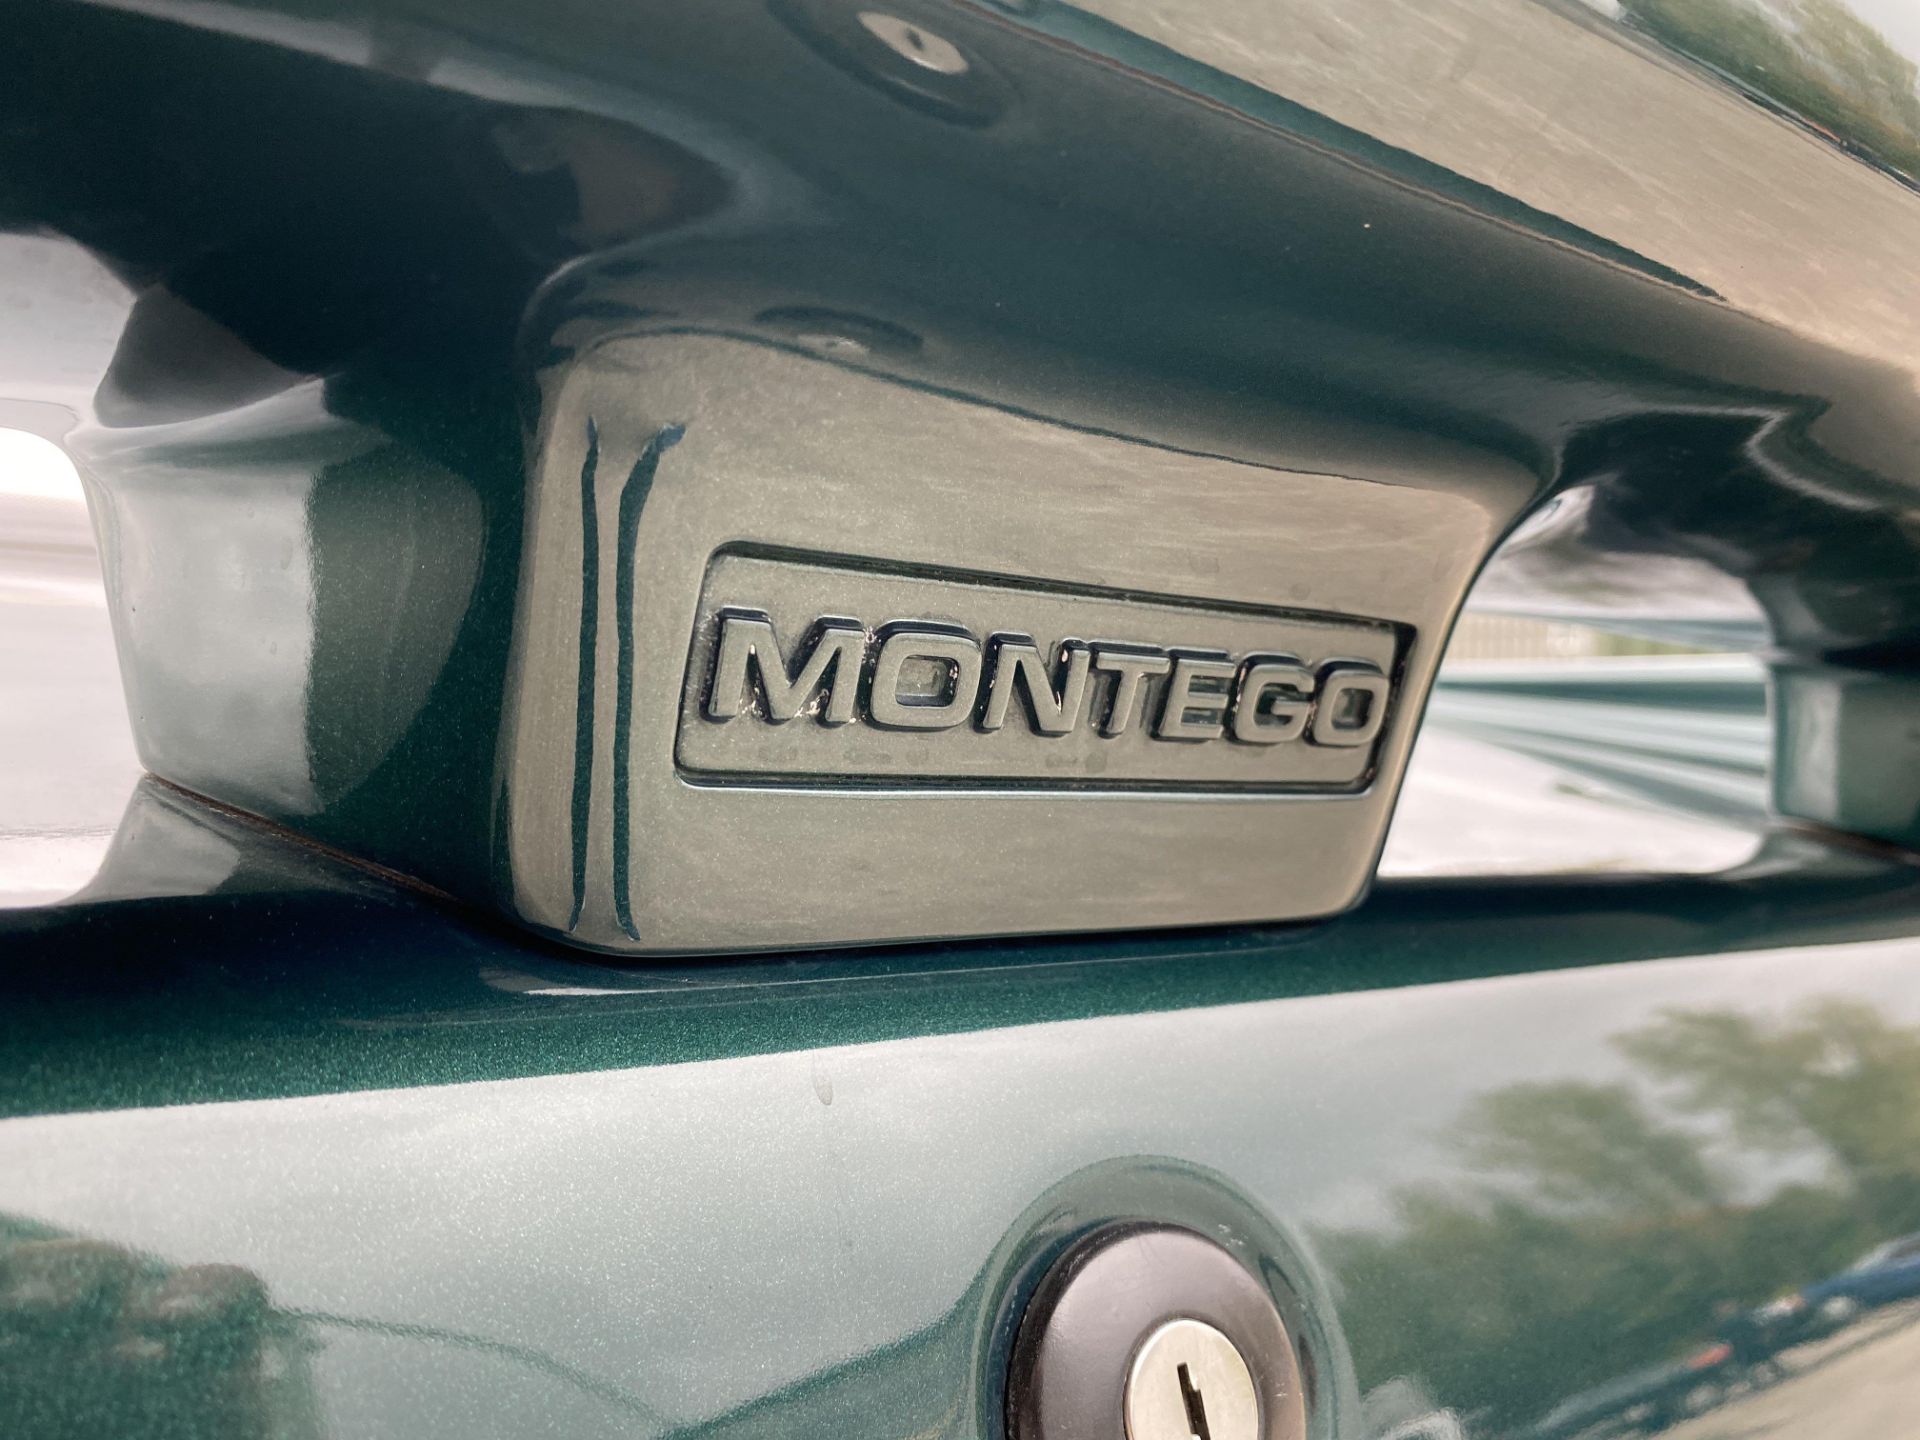 MG Montego - Image 26 of 49
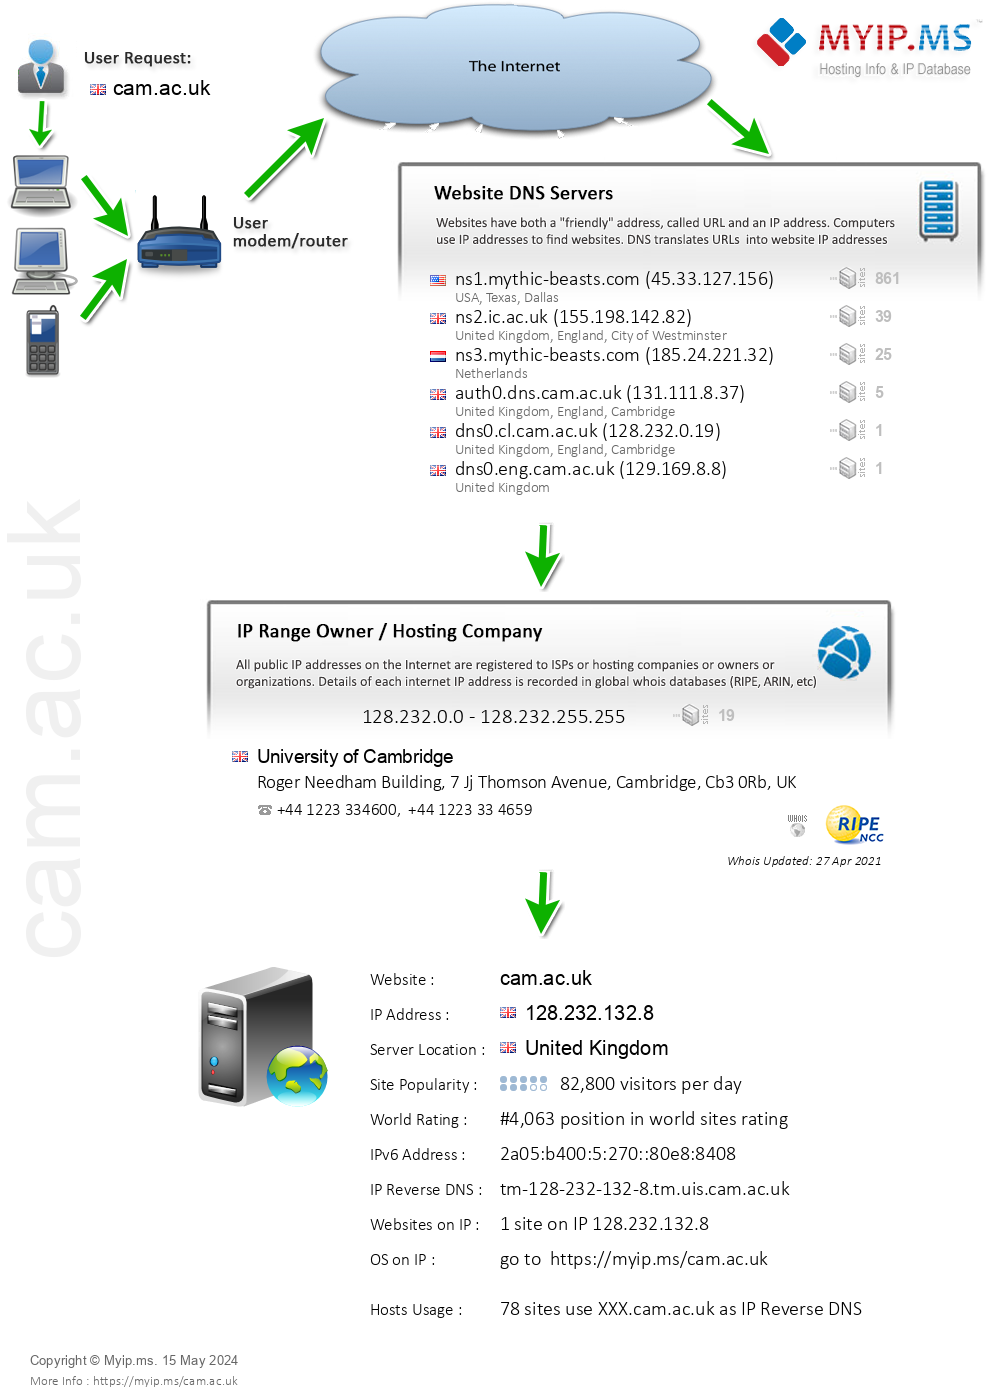 Cam.ac.uk - Website Hosting Visual IP Diagram
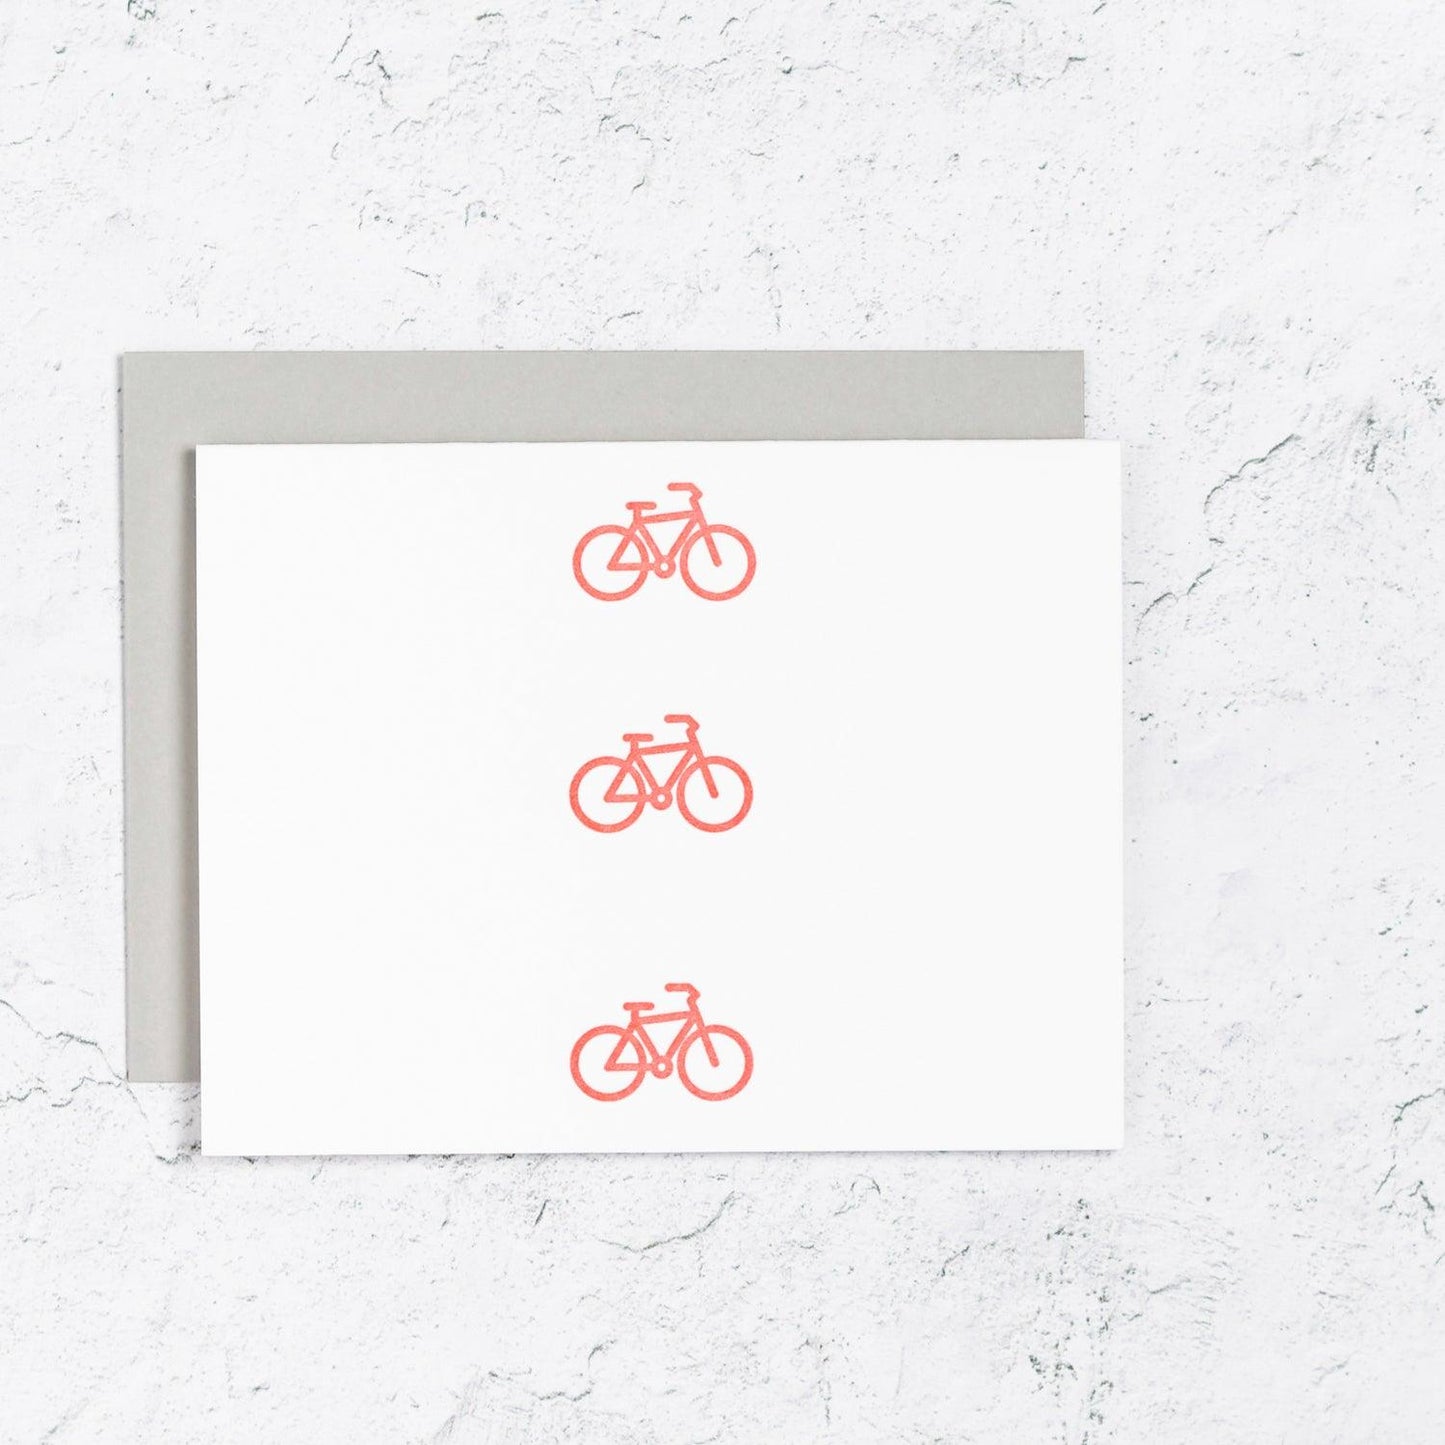 Bike notecard set with letterpress cards
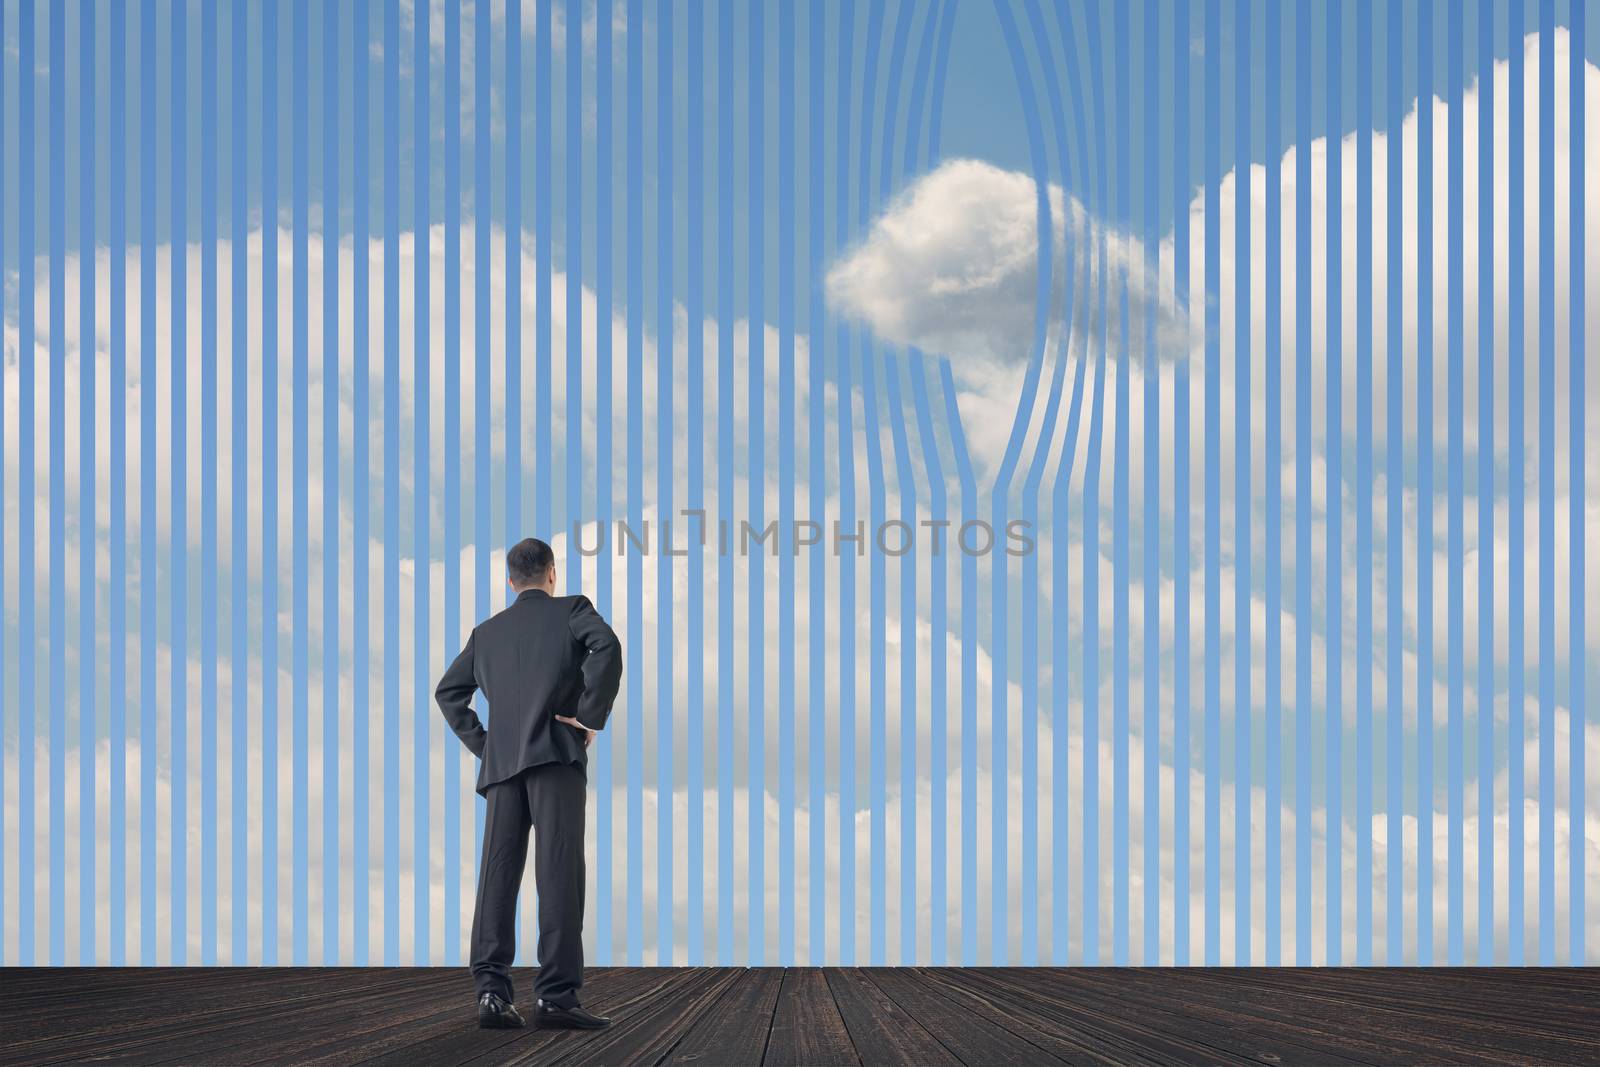 Concept of clouds, escape, idea, aspiration, wish etc.

━━━━━━━━━━━━━━━━

§ THE PROBLEM
What is needed is a verbatim copy of the lines running from the one with "Cam.ac.uk - Website" through the last line of the listing above, excluding any pictures.

§ RESPONSE FOR THIS EXERCISE
 Cam.ac.uk - Website Hosting Visual IP Diagram
 Bike notecard set with letterpress cards
 Concept of clouds, escape, idea, aspiration, wish etc.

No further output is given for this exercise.